Option 3: Install from source for development.
Configuration and usage notes
Configure how you start and where the server points by using MCP client configuration. The simple setup runs the MCP server via npx without any extra environment, while the full setup specifies API endpoints as environment variables.

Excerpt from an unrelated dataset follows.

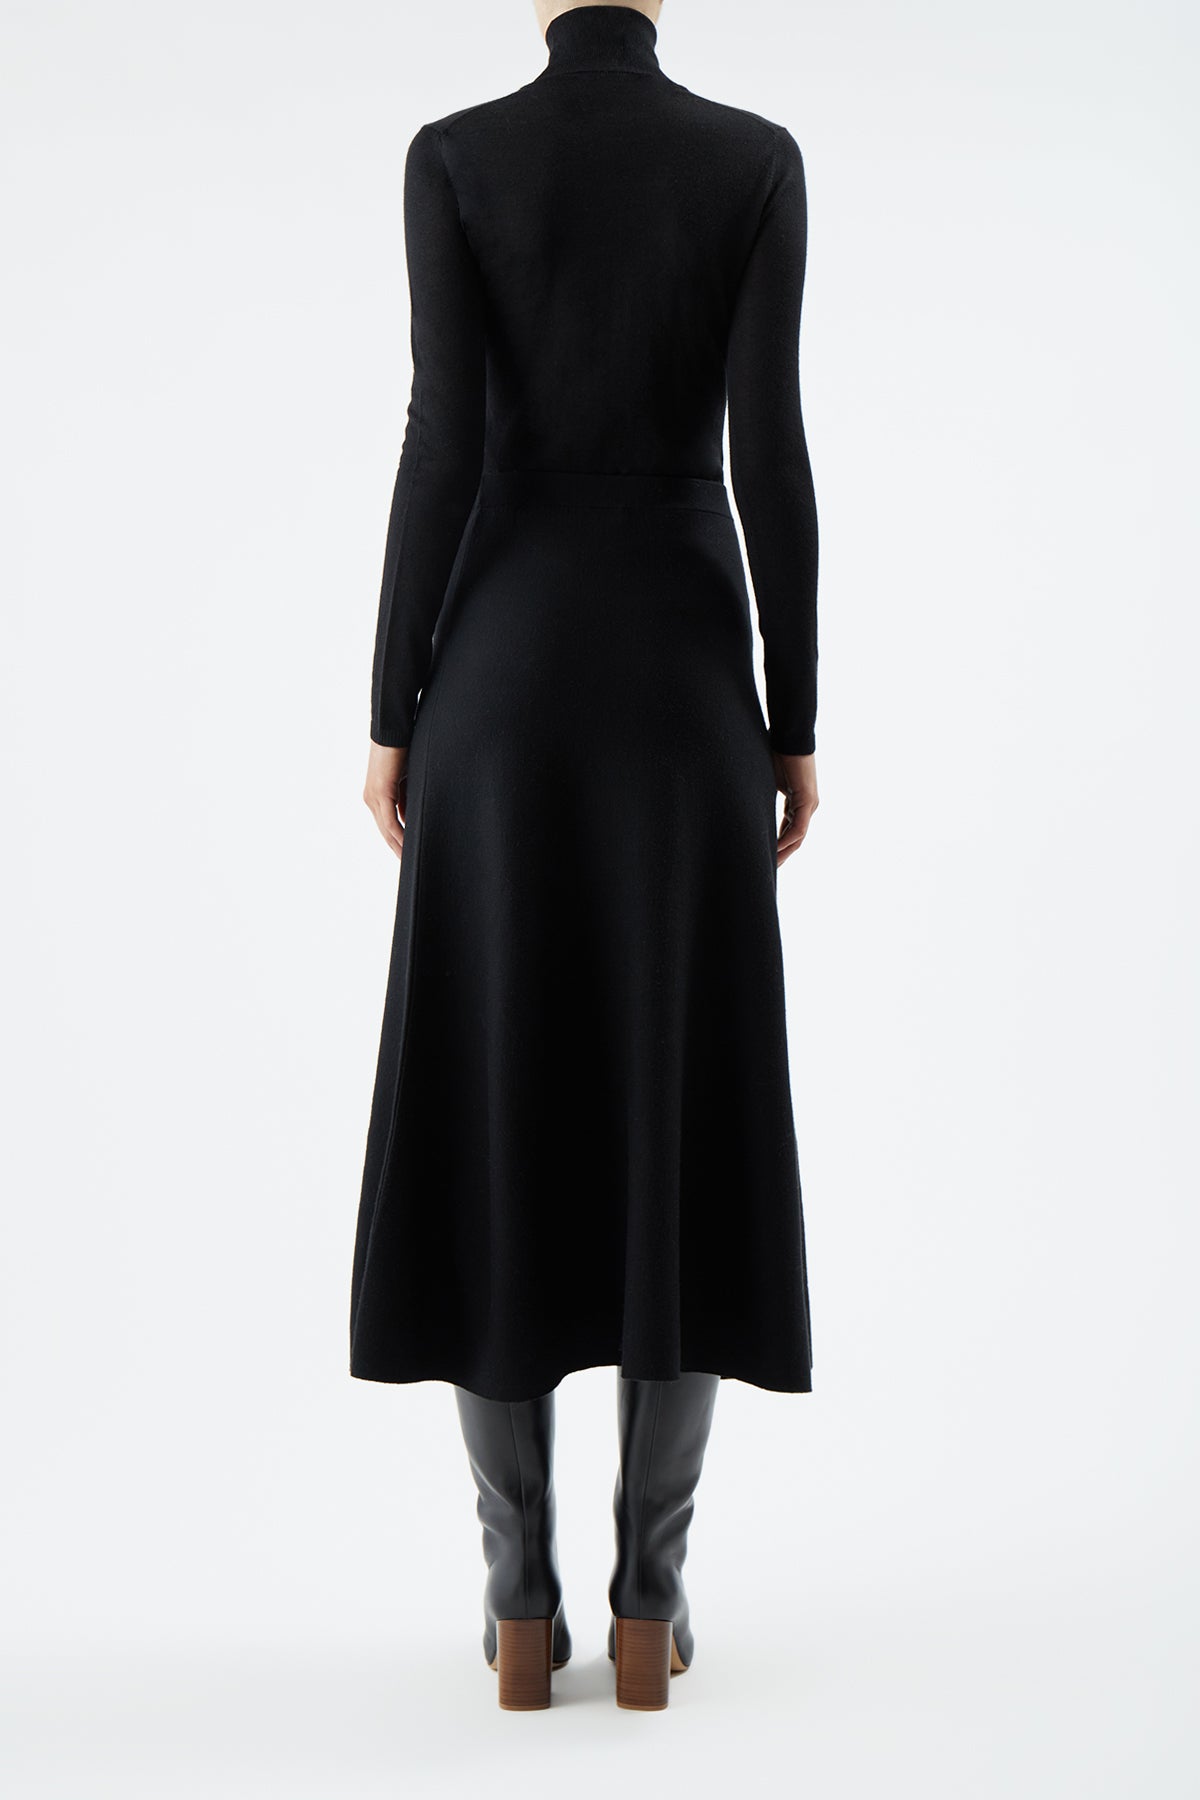 Freddie Knit Skirt in Black Cashmere Wool

The server can be started through a local development workflow or via a standard runtime environment, and you can supply environment variables to override default API URLs as needed.
Additional sections
Here are practical configuration examples you can adapt for your setup. The following snippets show how to configure a local stdio MCP entry that runs the MCP server using npx.
{
"mcpServers": {
"open_meteo": {
"command": "npx",
"args": ["open-meteo-mcp-server"]
}
}
}
If you prefer to pass environment variables to customize the base API URLs, use the full configuration variant shown here.
{
"mcpServers": {
"open_meteo": {
"command": "npx",
"args": ["open-meteo-mcp-server"],
"env": {
"OPEN_METEO_API_URL": "https://api.open-meteo.com",
"OPEN_METEO_AIR_QUALITY_API_URL": "https://air-quality-api.open-meteo.com",
"OPEN_METEO_MARINE_API_URL": "https://marine-api.open-meteo.com",
"OPEN_METEO_ARCHIVE_API_URL": "https://archive-api.open-meteo.com",
"OPEN_METEO_SEASONAL_API_URL": "https://seasonal-api.open-meteo.com",
"OPEN_METEO_ENSEMBLE_API_URL": "https://ensemble-api.open-meteo.com",
"OPEN_METEO_GEOCODING_API_URL": "https://geocoding-api.open-meteo.com"
}
}
}
}
Security and reliability notes
Keep your environment secure by not exposing the MCP server to untrusted networks. Use network restrictions, proper access controls, and monitor API usage to avoid rate limits or abuse. Consider caching frequent queries to reduce external API load and improve response times.
Troubleshooting
If requests fail, verify that the MCP server is running, the command line arguments are correct, and the environment variables are set as expected. Check for network connectivity issues and ensure you are using valid coordinates and date ranges in your requests.
Notes
The server provides access to a wide set of Open-Meteo endpoints, including weather forecasts, archives, air quality, marine data, geocoding, and climate-related projections. You can leverage ensemble and seasonal features for uncertainty quantification and long-range planning.
Available tools
weather_forecast
7-day forecasts with hourly and daily resolution from the core Weather Forecast API.
weather_archive
Historical ERA5 data from 1940 to present.
air_quality
Forecasts for PM2.5, PM10, ozone, NO2 and other pollutants.
marine_weather
Wave height, direction, period and sea surface temperature.
elevation
Digital elevation model data for given coordinates.
geocoding
Search locations by name or postal code and return coordinates and details.
dwd_icon_forecast
High-resolution European model from the German DWD ICON family.
gfs_forecast
Global NOAA GFS model with high-resolution North America data.
meteofrance_forecast
Météo-France models AROME/ARPEGE for France.
ecmwf_forecast
ECMWF model data for Europe.
jma_forecast
JMA high-resolution model for Asia.
metno_forecast
MET Norway model data for Nordic regions.
gem_forecast
Environment Canada GEM model.
flood_forecast
GloFAS river discharge and flood forecasts.
seasonal_forecast
Long-range forecasts up to 9 months ahead.
climate_projection
CMIP6 climate projections for warming scenarios.
ensemble_forecast
Ensemble forecasts showing forecast uncertainty.